Substituting the given eigenvalues into the characteristic polynomial of the constructed matrix J, we have Table 4.

Table 4 Approximate value of the characteristic polynomial of J (\(m=5\)) at \(\lambda _{j}\)

6 Conclusion

The spectral properties and the inverse eigenvalue properties for the class of quasi-tridiagonal matrices are given. The first conclusion is that the multiplicities of the eigenvalues of J are at most two, as well as satisfying the interlacing properties.
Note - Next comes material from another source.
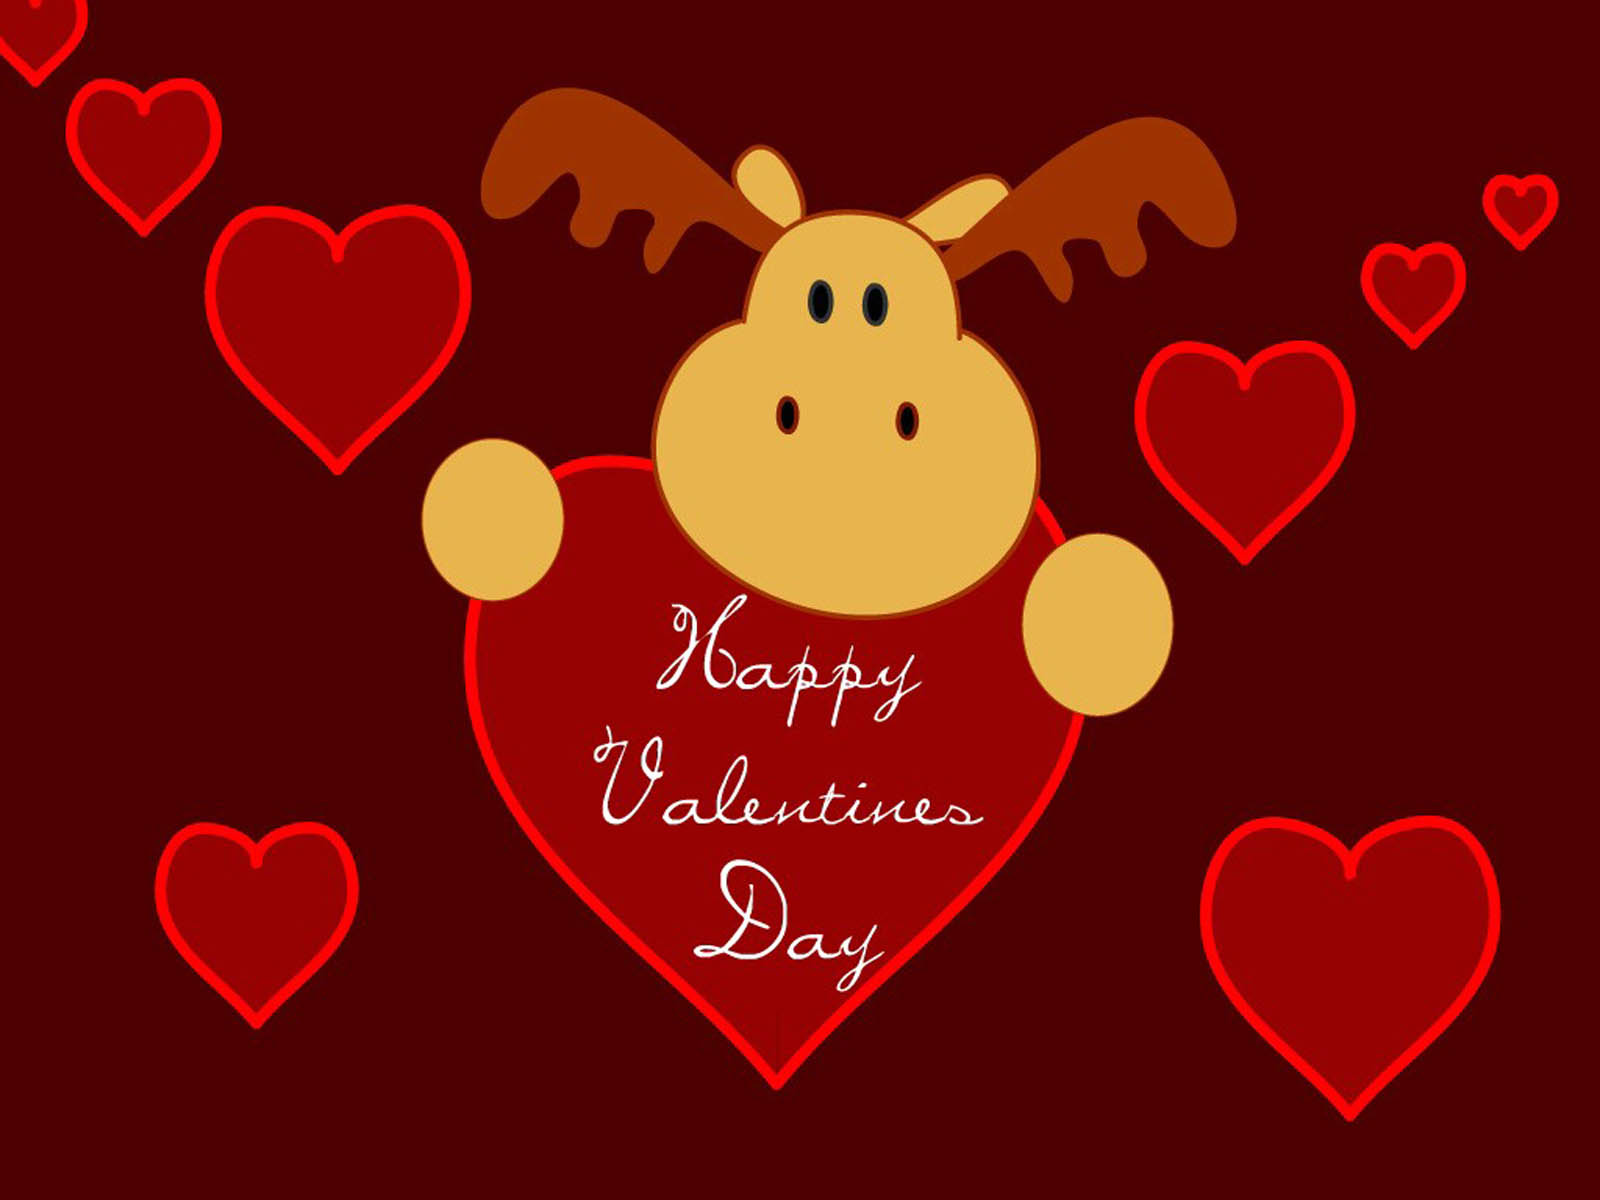 valentines day desktop wallpaper,heart,red,valentine's day,love,heart

Second, the sufficient conditions of the solution to the inverse eigenvalue problem of quasi-tridiagonal matrices are solved. Two algorithms are given. The advantage of the second algorithm is that we can give any initial vector. Computational results are shown in numerical examples, illustrating the feasibility of the algorithm.